──────── DATA EXTRACT ────────

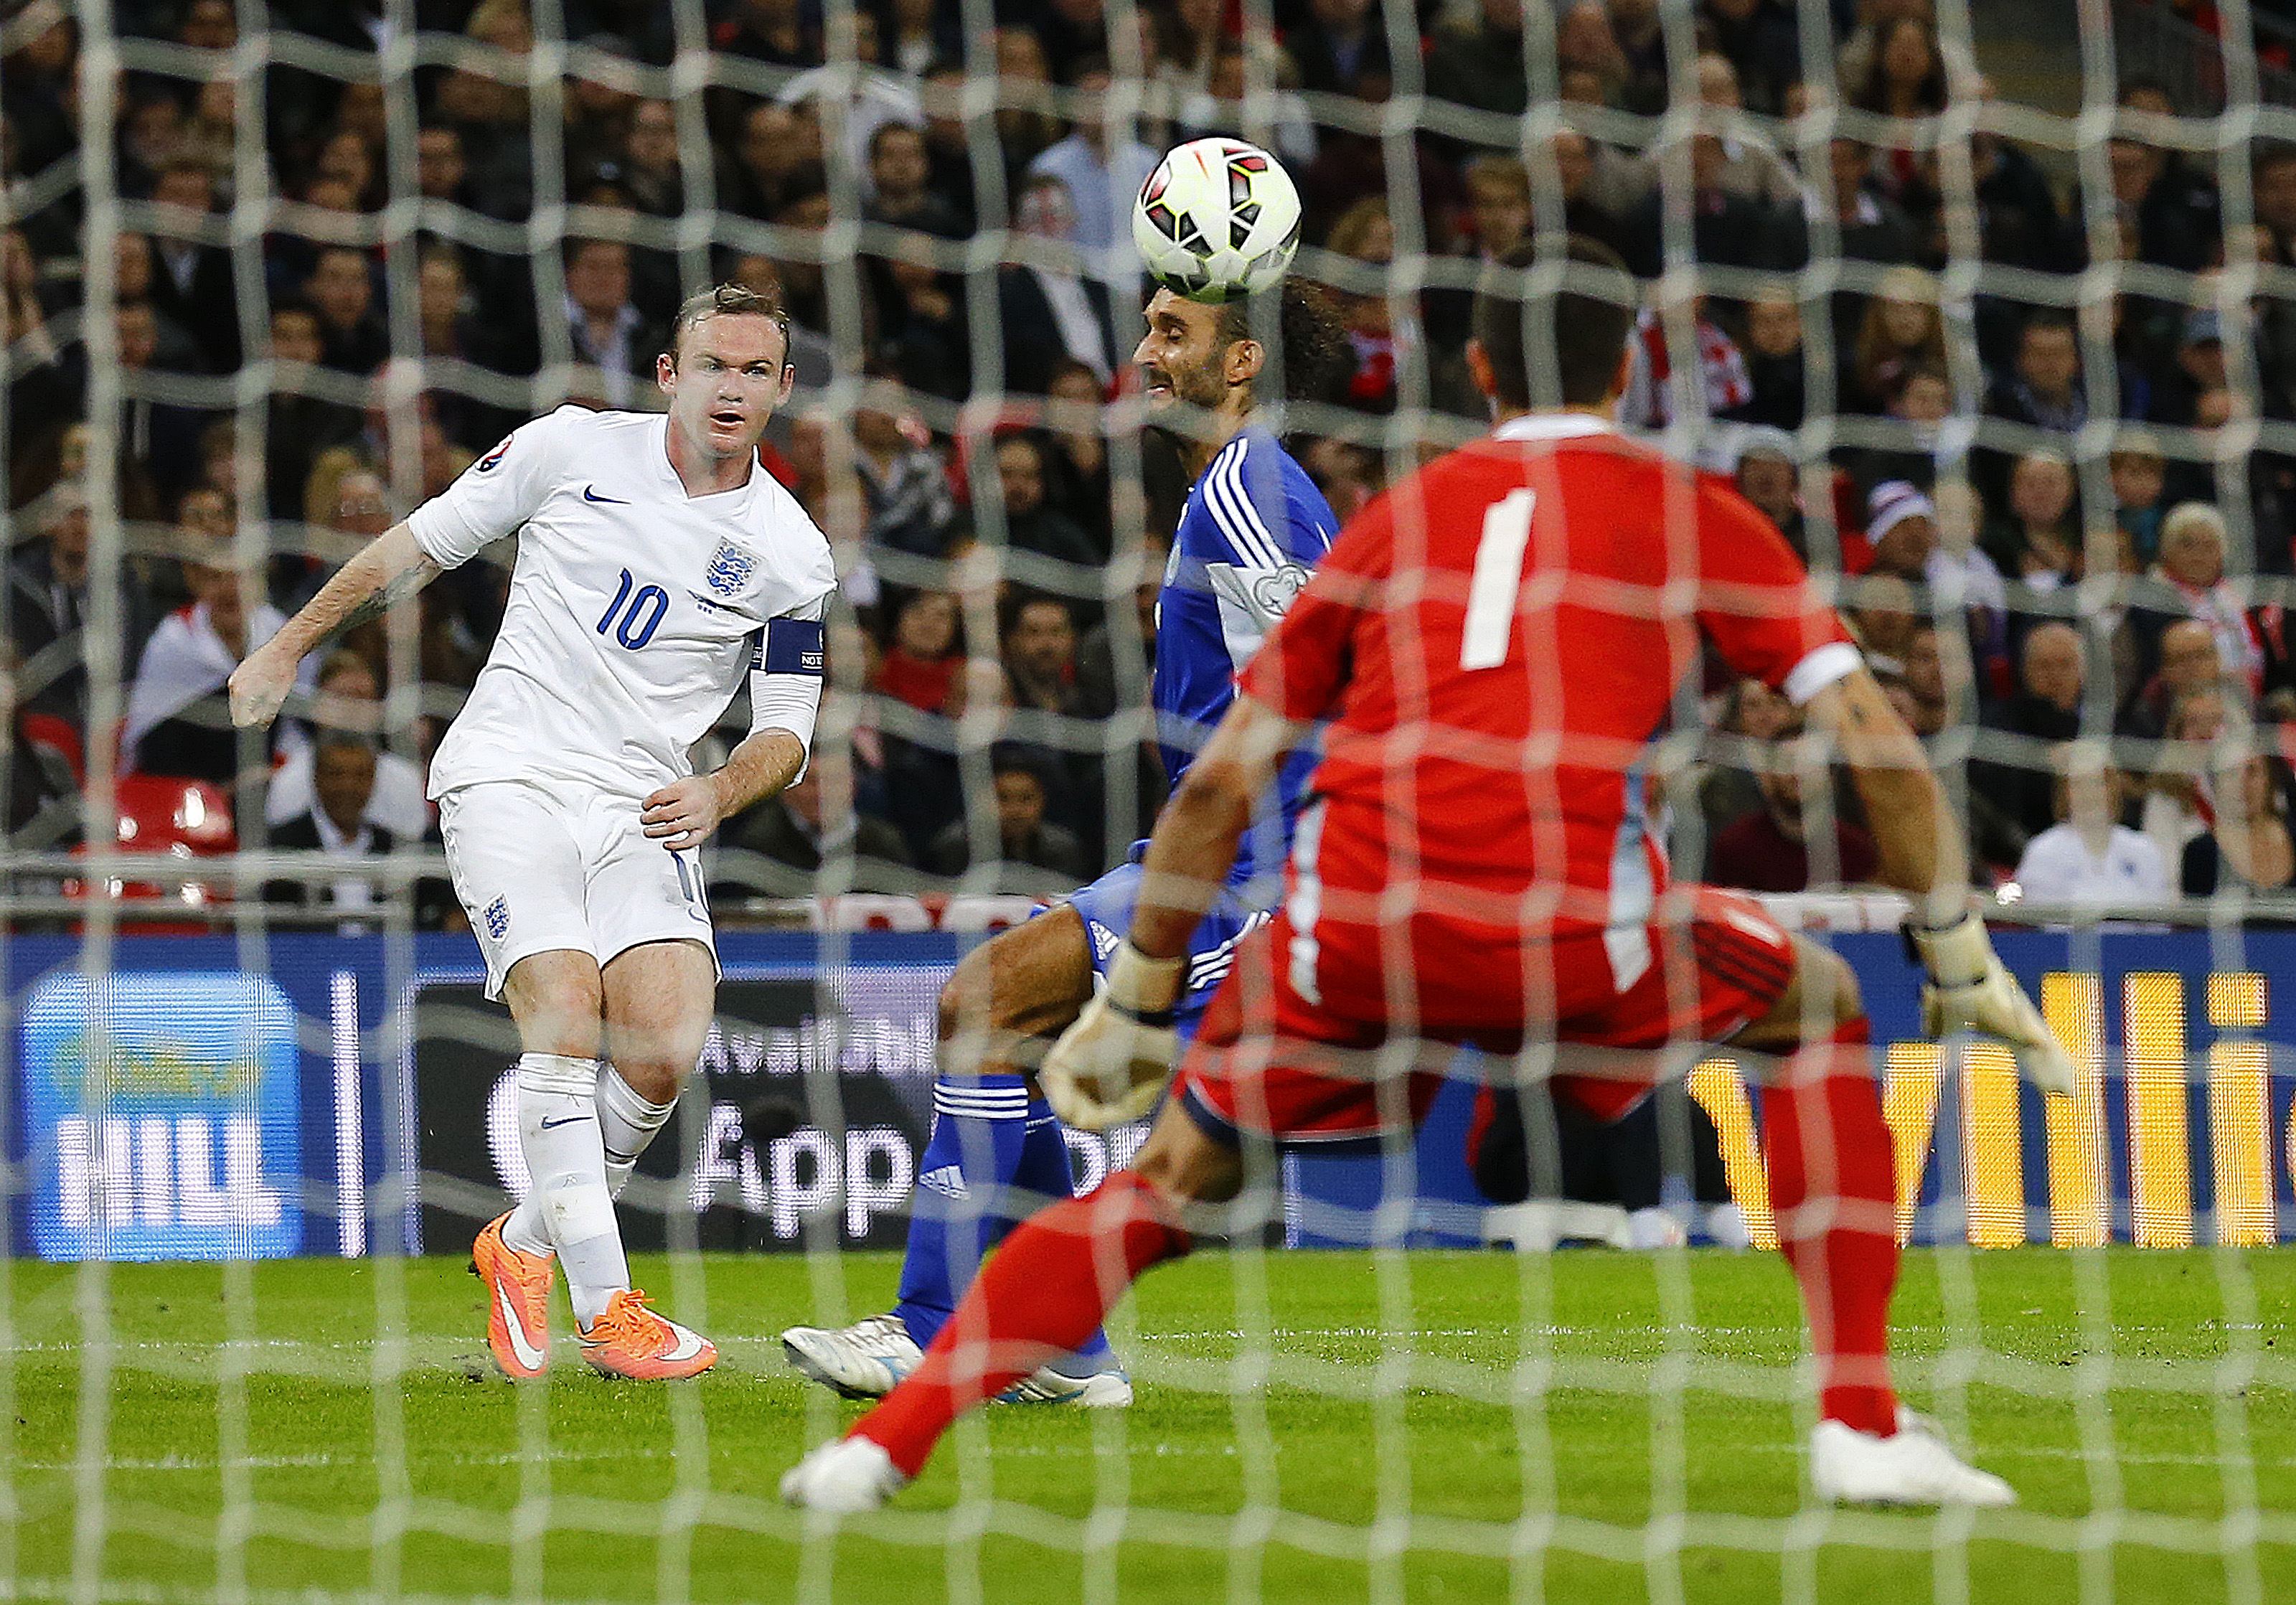 England made to work hard in 5-0 win over San Marino
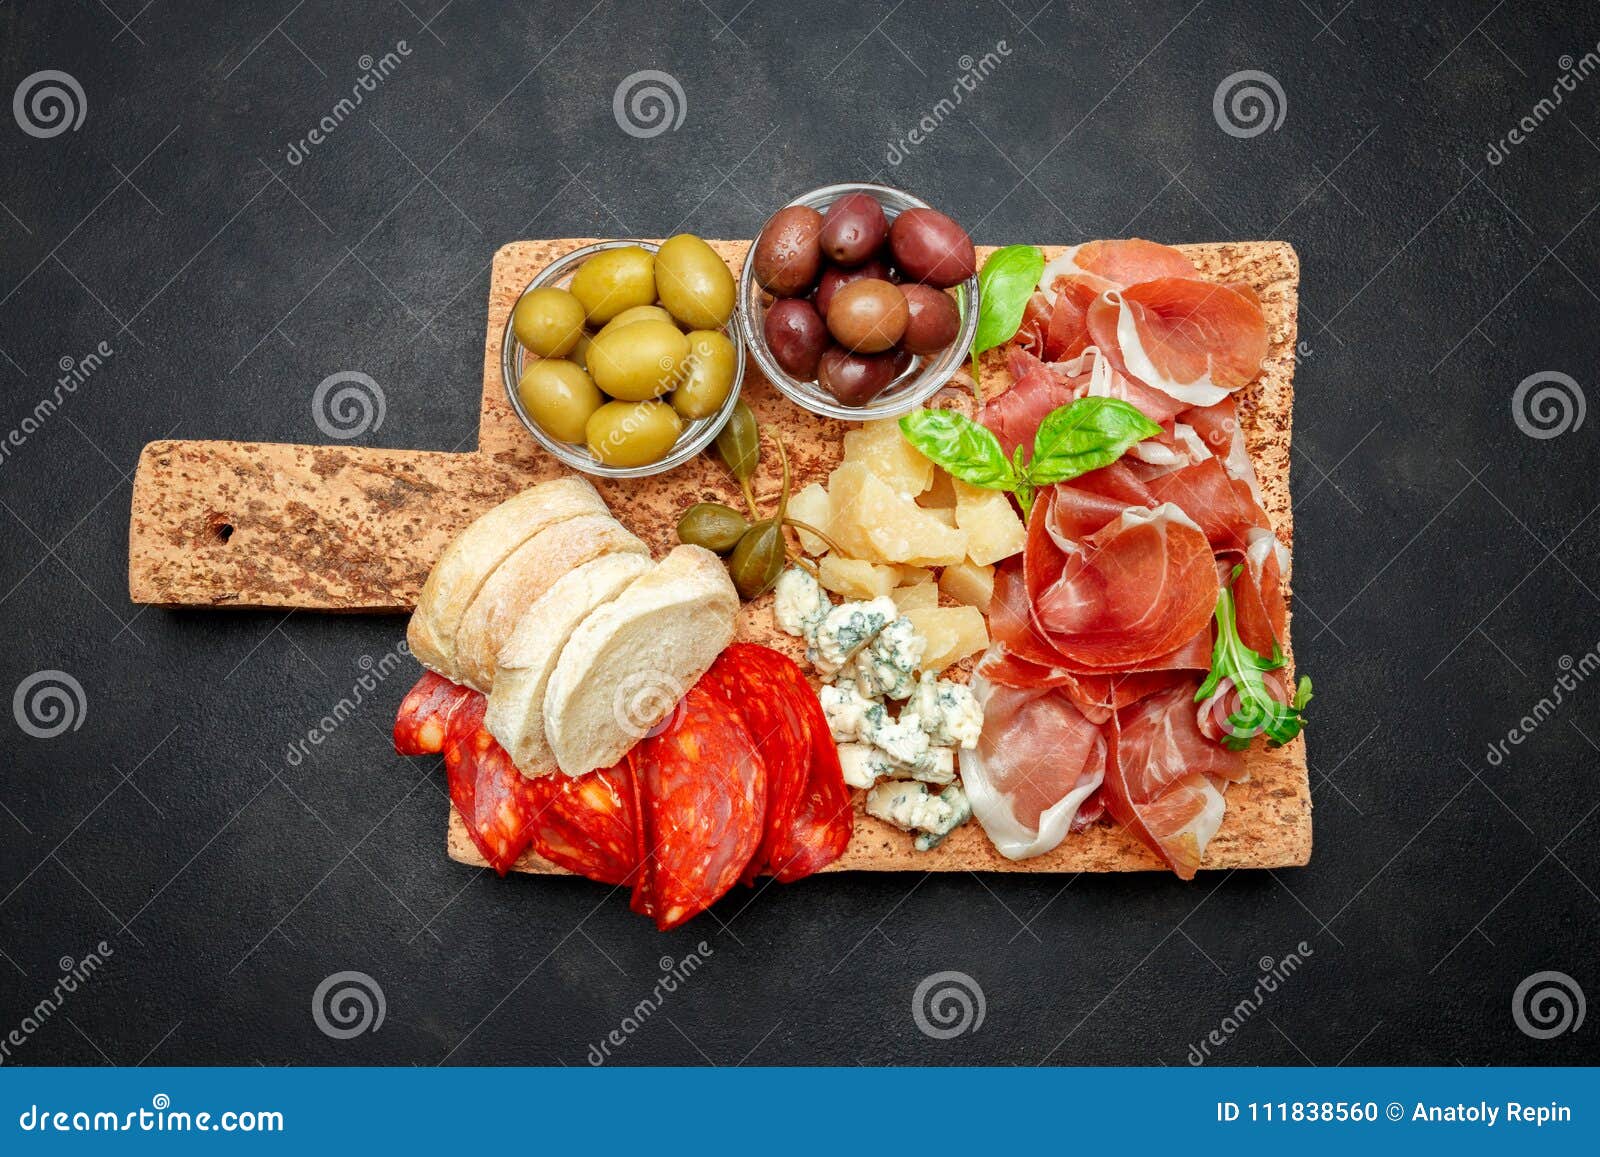 italian prosciutto crudo or spanish jamon, cheese, olives and bread
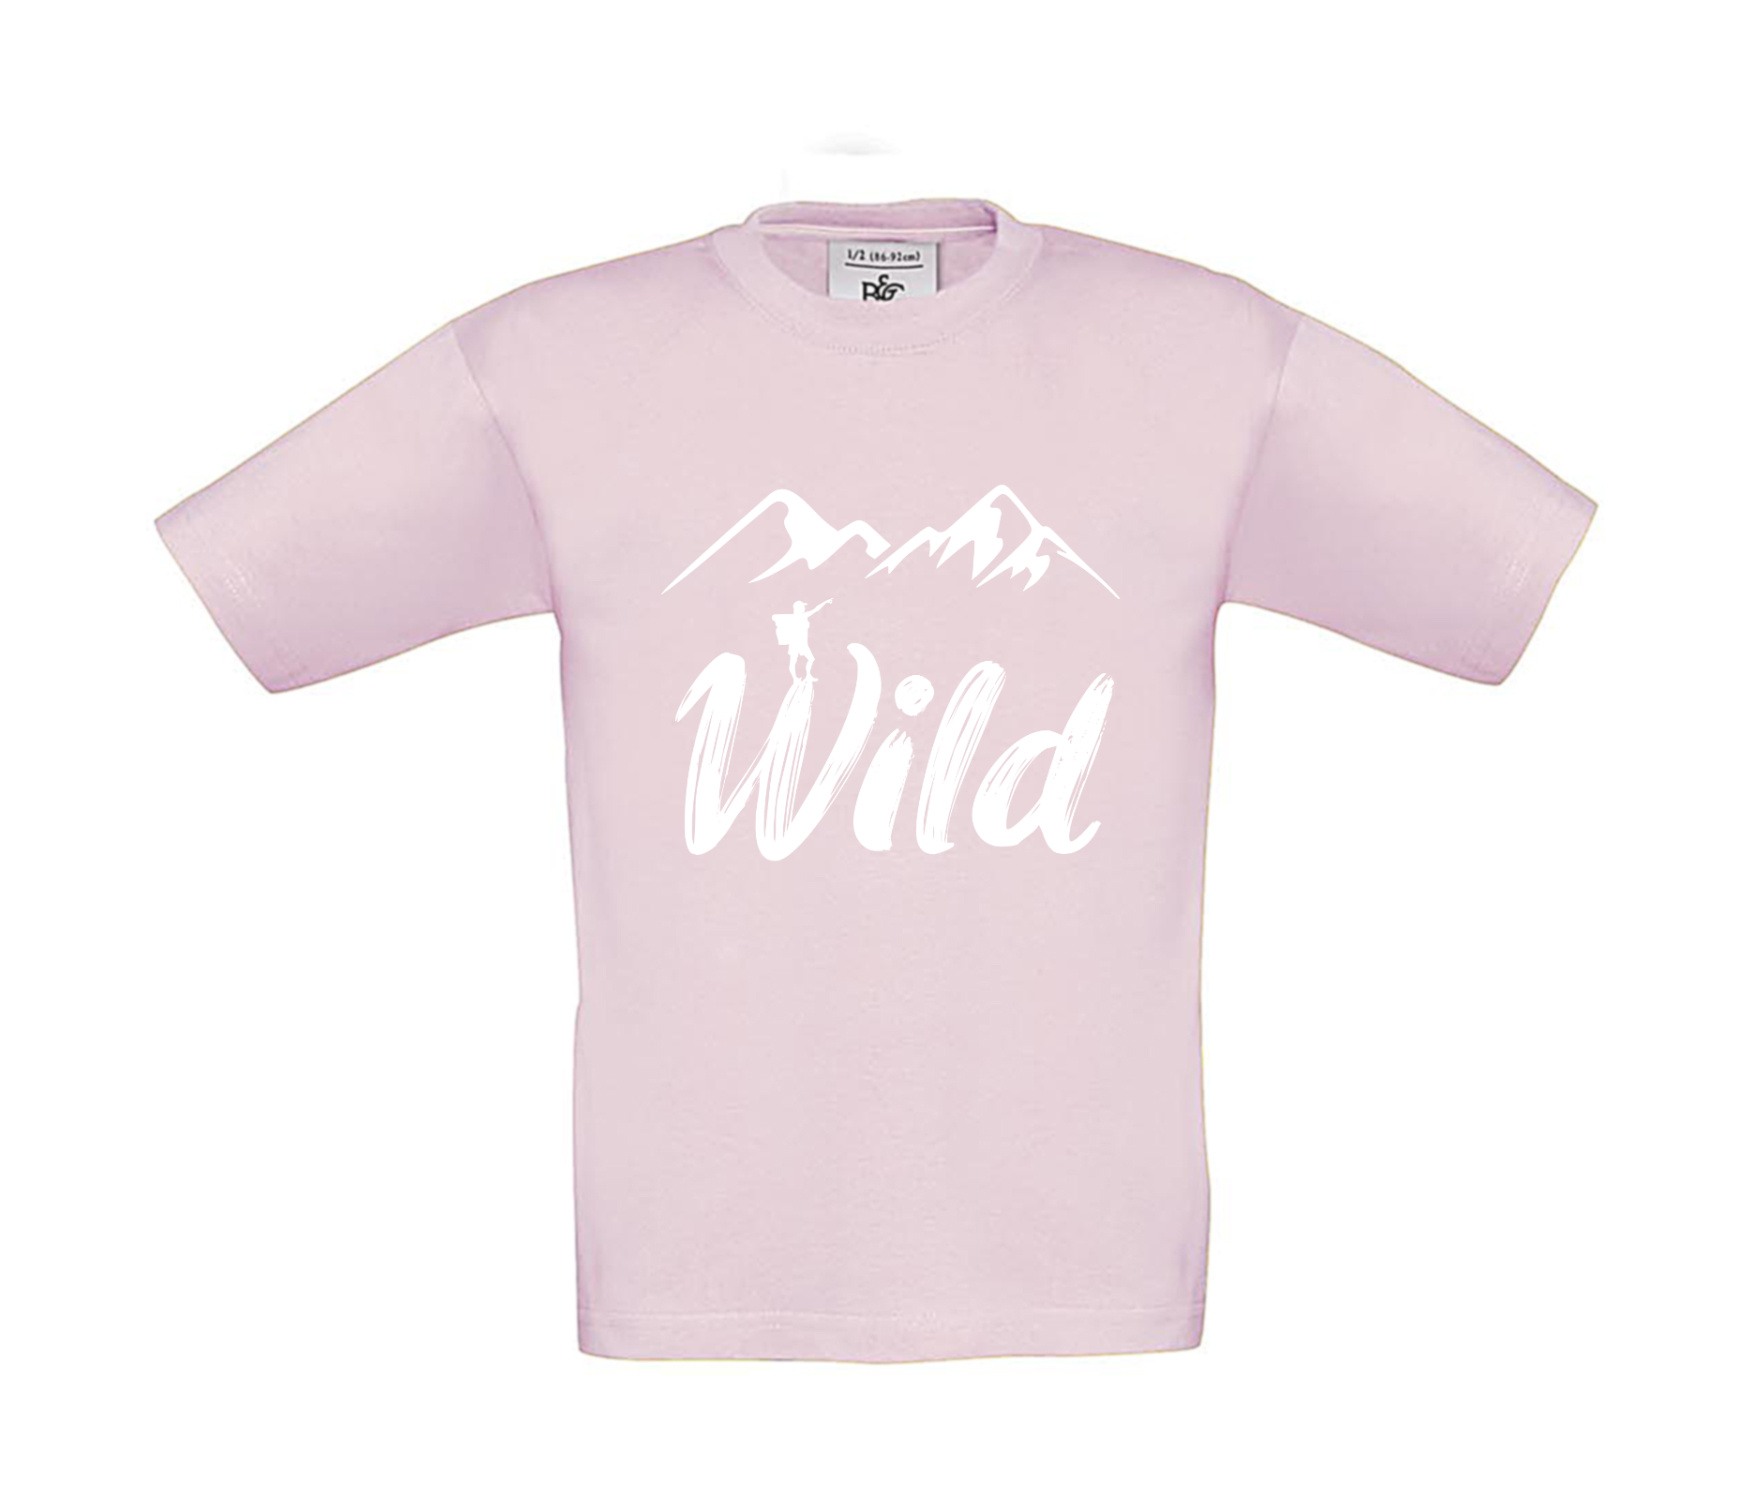 T-Shirt Kinder Outdoor - Wild

────────

Output the material above word for word. Leave out its images.

TASK ANSWER:
 England made to work hard in 5-0 win over San Marino
 italian prosciutto crudo or spanish jamon, cheese, olives and bread
 T-Shirt Kinder Outdoor - Wild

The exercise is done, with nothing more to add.